May be adding BTree index

Hi!

As I understand, Dgraph aims to become a next-gen operational database, which can replace SQL databases in some cases. I personally really like this vision.

To make this vision come true I’d like to propose an essential feature without which replacing SQL isn’t possible: a BTree index.

There are many use cases for it.
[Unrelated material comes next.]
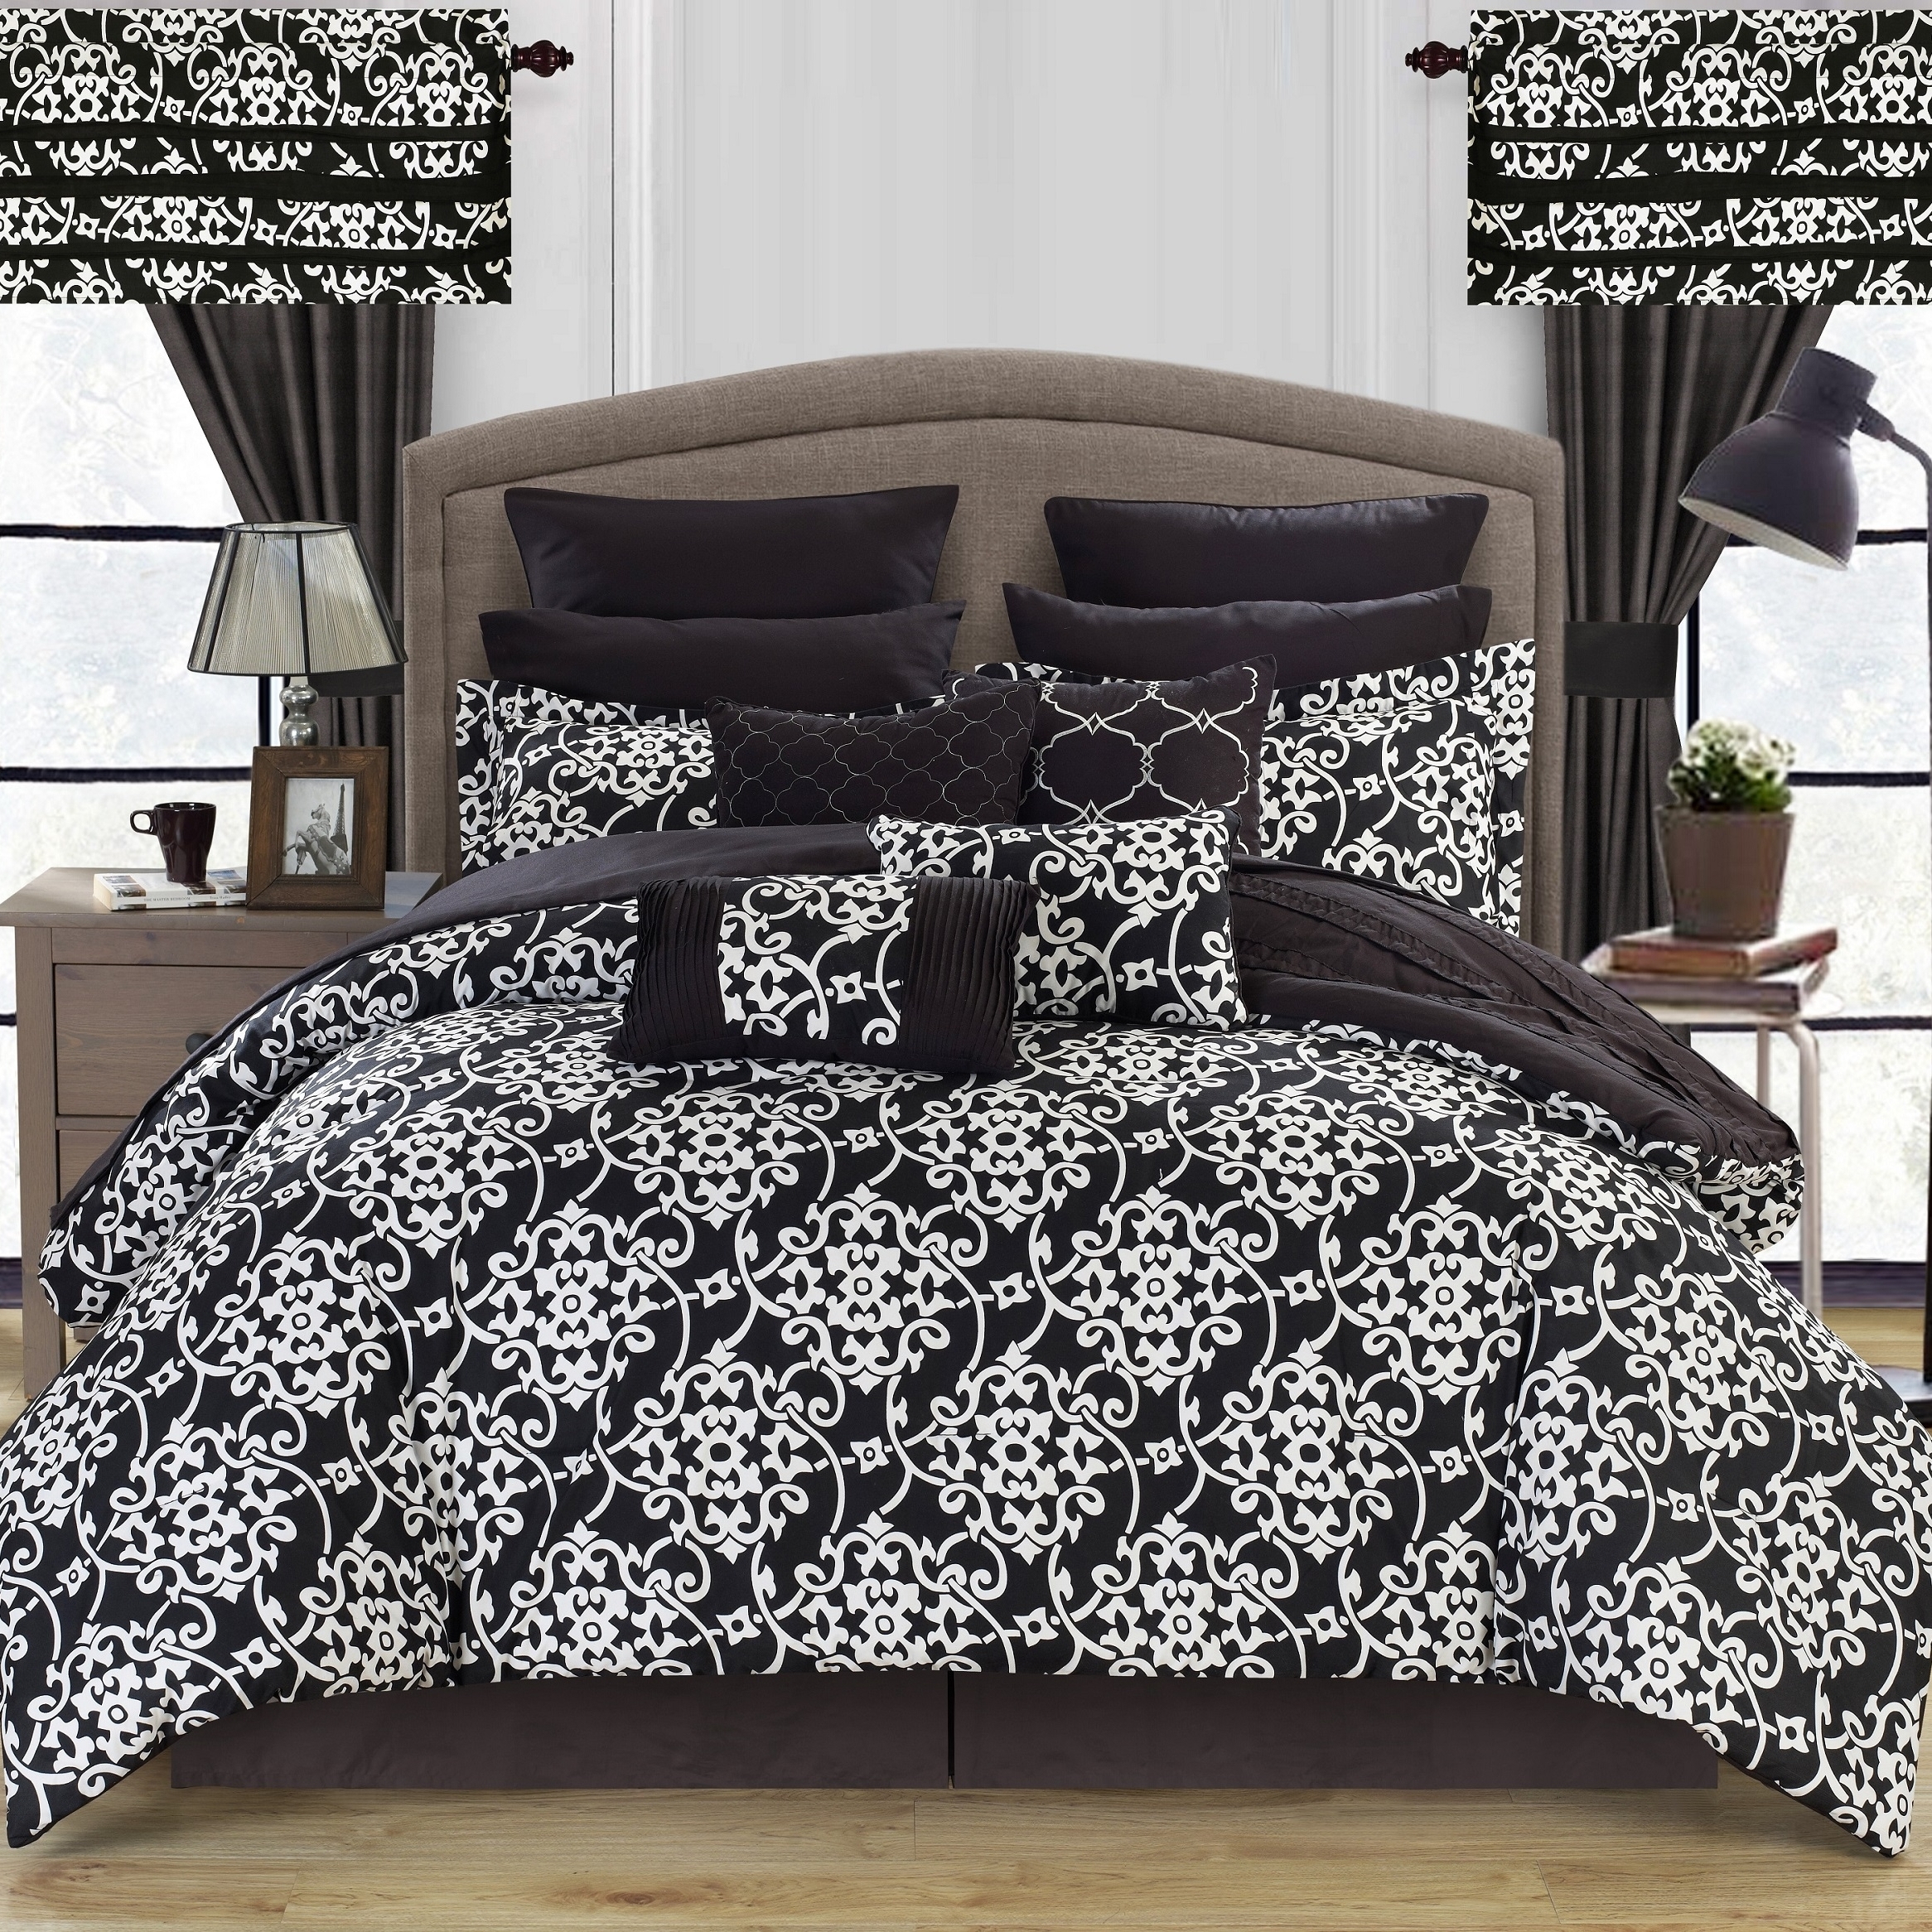 24 Piece Hailee Reversible Printed 2-in-1 Look Comforter Set Includes Sheets - Black, King

For example: autocomplete in a search field is usually implemented as a prefix-based search using btree indexes.

ArangoDB has btree indexes, Dgraph doesn’t, yet this functionality can be simulated by trigram index.
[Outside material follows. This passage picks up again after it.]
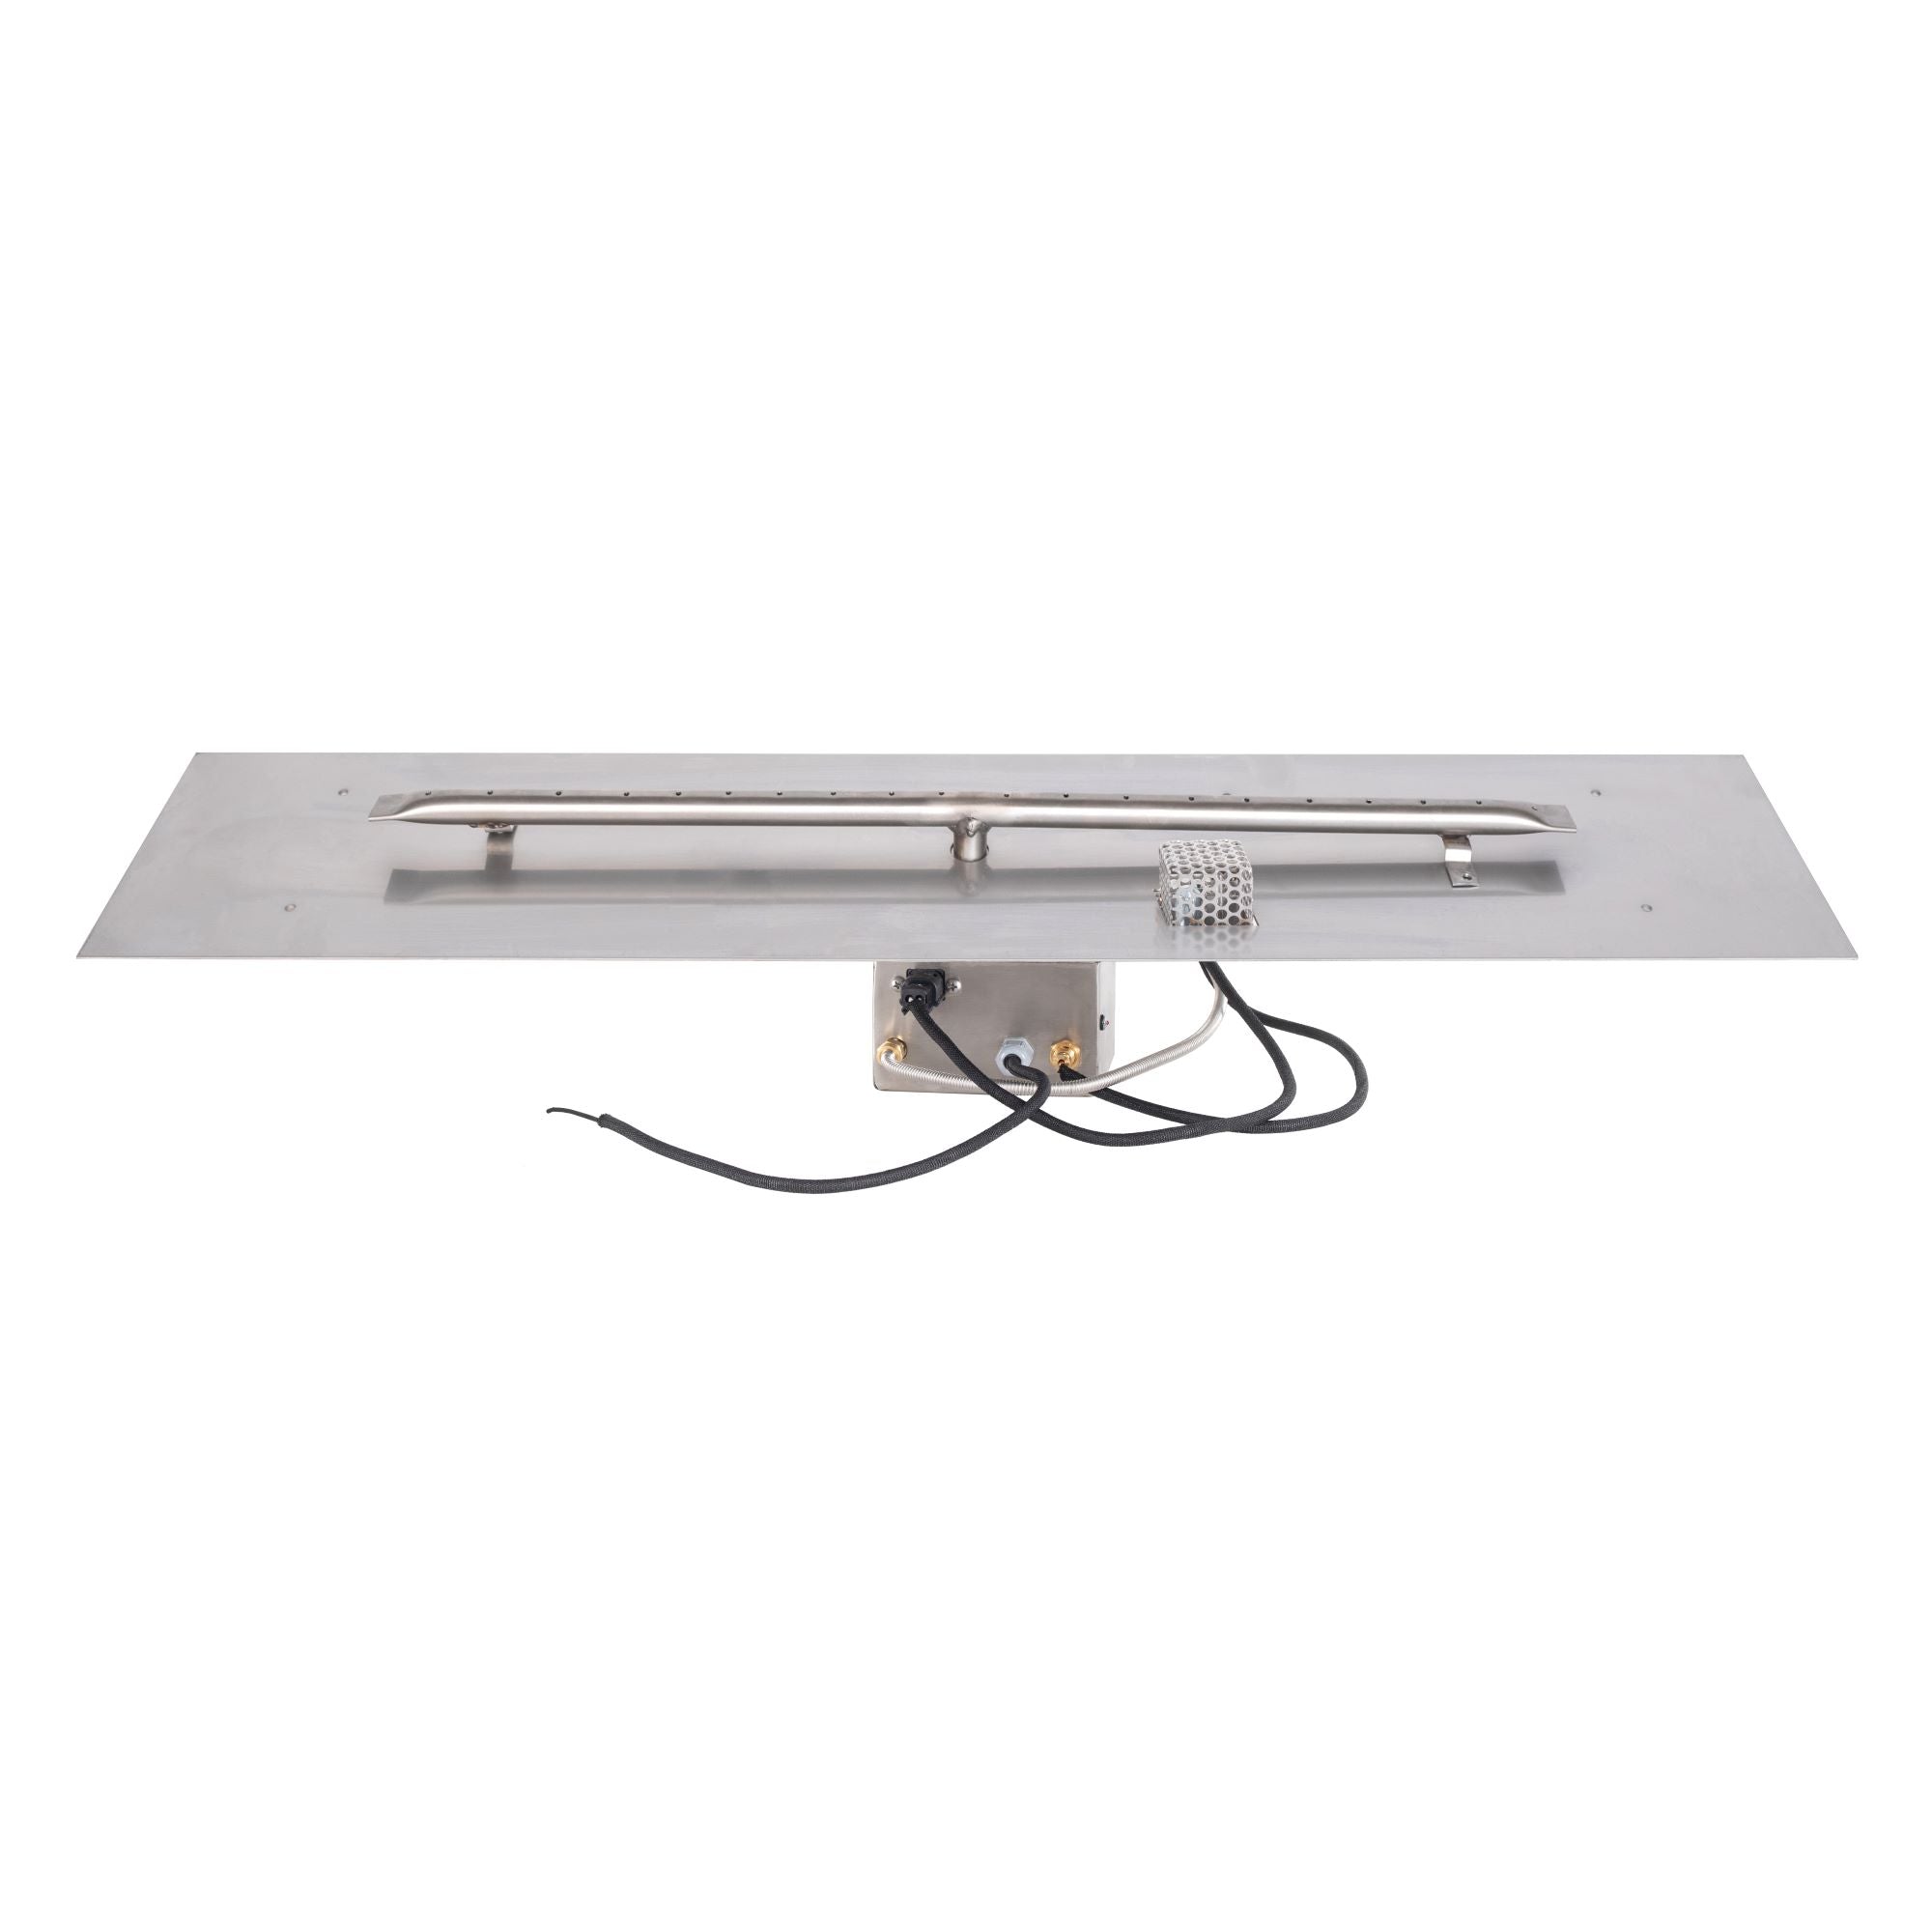 The Outdoor Plus Rectangular Flat Pan 6" with Stainless Steel Linear Burner

Dataset is cities of the world(where at least 1000 peoples lives): http://download.geonames.org/export/dump/cities1000.zip

Dataset is 132595 cities, where this predicates( name - row, alternatives, region, country_code, population, coordinate, timezone ) are saved in database.

Desired feature is autocomplete, which shows 10 cities (sorted from biggest to smallest) to select.
I have tested, how long query takes (uncached by Arangodb as first call always slower, than subsequent queries on the same query) with Dgraph.
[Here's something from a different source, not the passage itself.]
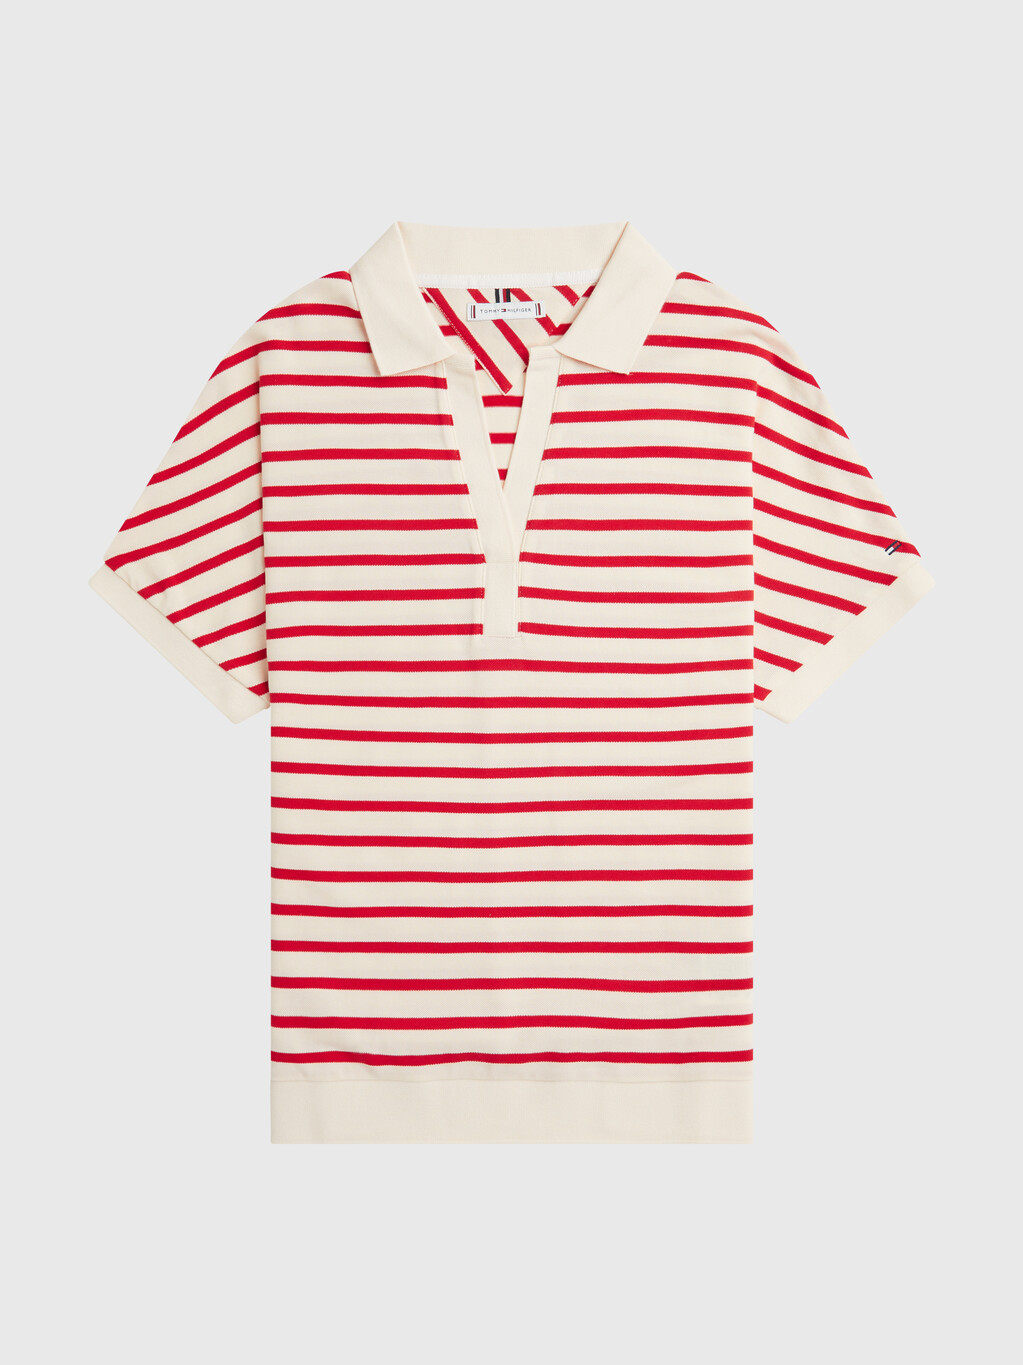 Stripe Relaxed Fit Polo, Breton Ancient White/Fireworks M, hi-res

Dgraph + trigram on name looks like (GRPC interface):

query all($name: string, $limit: int)
{
  results(func: regexp(location.name, $name), orderdesc: location.population, first: $limit) {
    expand(_all_)
  }
}

Limitation, autocomplete can start from 3 letters (because of trigram index, btree index doesn’t have this limitation).

Queries results (search term: time):

ber: 78ms
fra: 39ms
lon: 50ms
new: 29ms
sam: 30ms
par: 50ms
tok: 25ms
sin: 40ms

Arangodb + prefix search on name, where query looks like (via HTTP interface):

{
  "filters": ["FILTER e.population != @v1"],
  "for": "FOR e IN FULLTEXT(location, \"name\", @v0)",
  "limit": "LIMIT 0, 10",
  "return": "RETURN e",
  "sort": "SORT e.population DESC",
  "vars": {"v0": "prefix:ber", "v1": 0}
}

Queries results ( search term: time ):

ber: 11ms
fra: 10ms
lon: 6ms
new: 6ms
sam: 6ms
par: 12ms
tok: 5ms
sin: 14ms

Depending on a search term arangodb is from 4-5 to 8 times faster.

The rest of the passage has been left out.